Computational resources allocation and accounting¶
About¶
This document explains how we allocate and keep track of the projects’ computational resources. For details about the storage accounting, refer to Calculation of the storage space utilization.
In the text below, the therms, option names, and employed tools are related to the Slurm workload manager - the software we use at Discoverer for job control and computational resources’ management. It is possible for every authorized user to read the Slurm’s configuration on the login or compute nodes. All configuration files are located within the folder /etc/slurm
.
Organization of the Slurm accounts¶
One Slurm account per project¶
Warning
All resource allocations on Discoverer are based on projects (group of users). No resource allocation will be provided on a per-user basis.

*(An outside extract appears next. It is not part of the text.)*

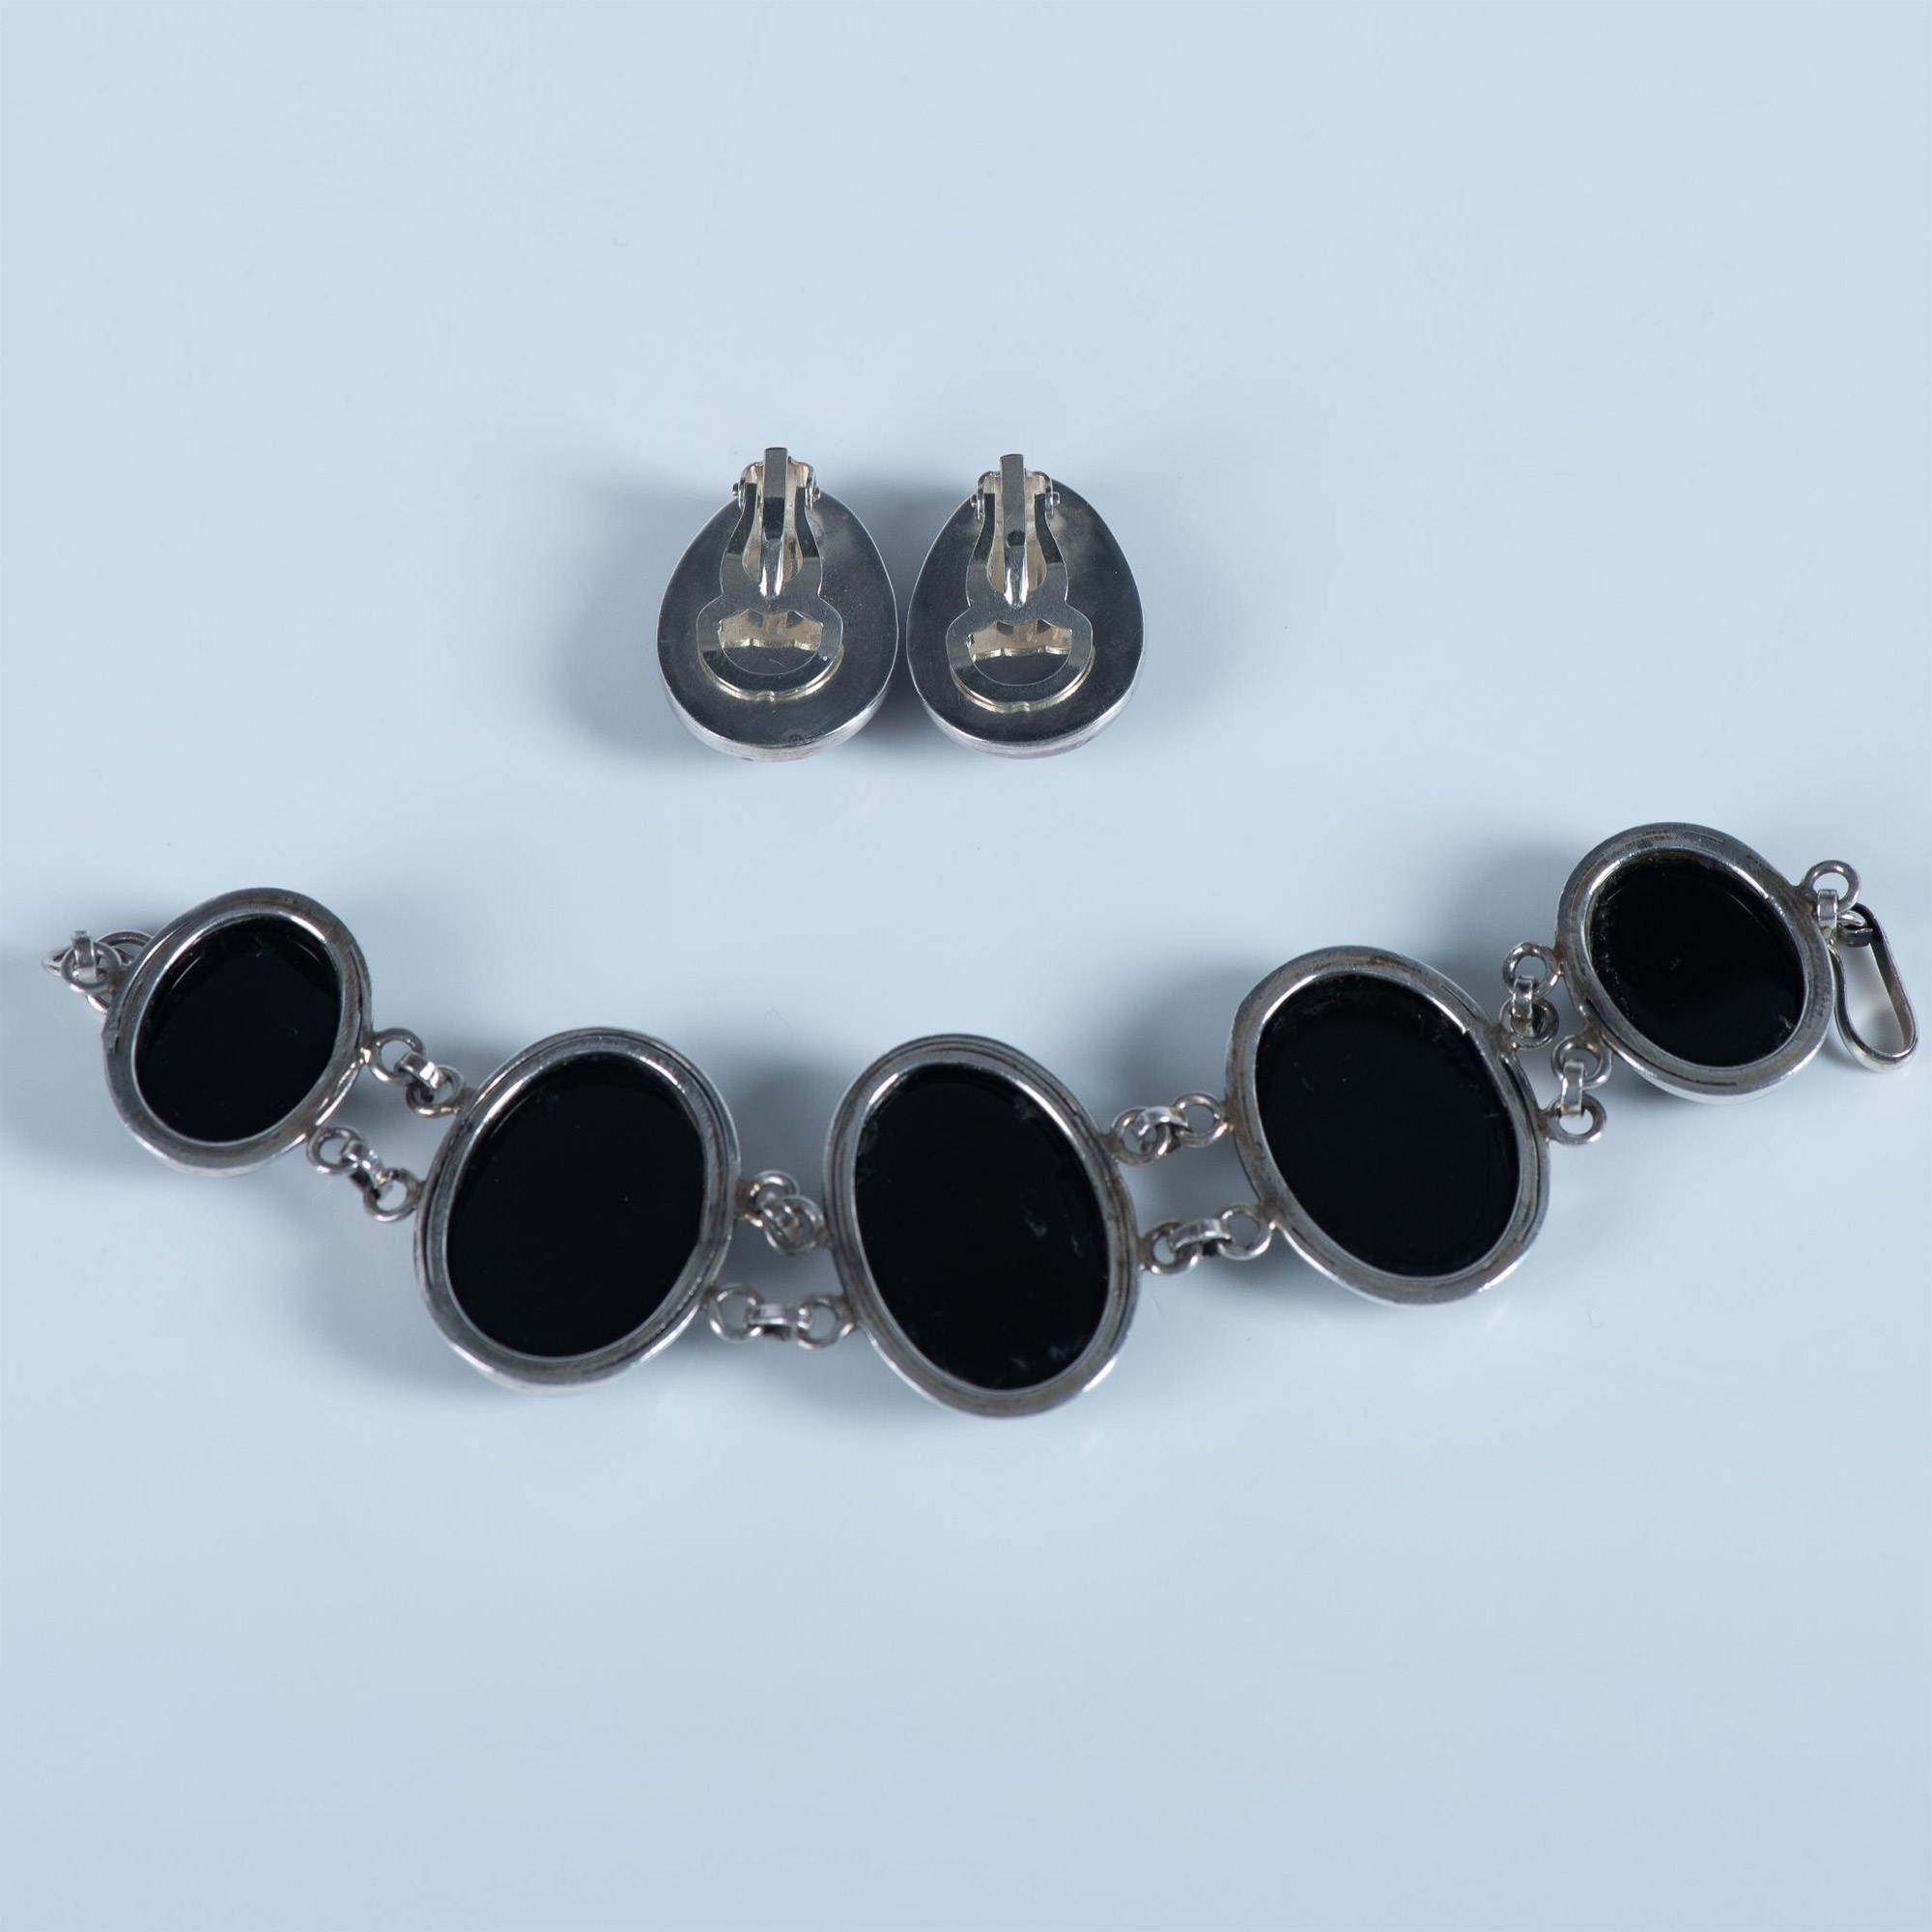 2pc Sterling Silver and Dark Amber Bracelet and Earrings - Image 2 of 4

One Slurm account is created for each accepted project. The Slurm account defines the quantity of computational resources allocated to the project and regulates their utilization. Those computational resources are exclusively accessible to the users who participate in the project. The principal investigator (PI) determines the list of users who will be able to use the resources managed by the Slurm account assigned to the project. It is not permissible for any external users to gain access to the Slurm account.
Each Slurm account has a unique name. That name contains the ID of the project. The system engineers at Discoverer create the Slurm account and allocate the computational resources that have been approved for the project. Those users who are eligible to utilize and share the allocated computational resources are added to the Slurm account.
Important
The system engineers at Discoverer will provide the PI and eligible users with the name of the Slurm account assigned to their project.
Trackable resources (TRES)¶
Important
The only trackable resource we have under Slurm’s control at this time is the CPU time.
The number of trackable resources assigned to each Slurm account is determined by the core or node hours requested by the principal investigator in the approved project proposal. In order to assign the Slurm account with the specified number of core or node hours, it is necessary to convert that number into CPU minutes. Below, we provide a comprehensive explanation about that type of conversion. But before we proceed with the conversion formulas, let’s introduce some basic definitions.
Note
1 core hour is the utilization or reservation of one CPU core for 1 hour
Our compute nodes are equipped with 2 x AMD EPYC 7H12 64-Core Processors (see Resource Overview). Since each compute node has 128 CPU cores, if those 128 CPU cores are being used for 1 hour of computation, that resource utilization corresponds to 1 node hour:
Note
1 node hour = 128 core hours
The CPU utilization is counted by Slurm in CPU minutes. To make those CPU minutes a meaningful measure and related them to the core and node hours, we need to consider the hyperthreading enabled on our processors. Each processor core runs two processor threads when hyperthreading is enabled. The Linux operating system, on the other hand, regards each thread as a single central processing unit (CPU). We therefore obtain the following relations between core/node hours and CPU minutes:
1 core hour = 2 × 60 CPU minutes
1 node hour = 128 × 2 × 60 CPU minutes
Important
Example: The PI requested 18 000 node hours on Discoverer for his project. In that case, the Slurm account for the project will be loaded with 18000 × 128 × 2 × 60 = 276480000 CPU minutes.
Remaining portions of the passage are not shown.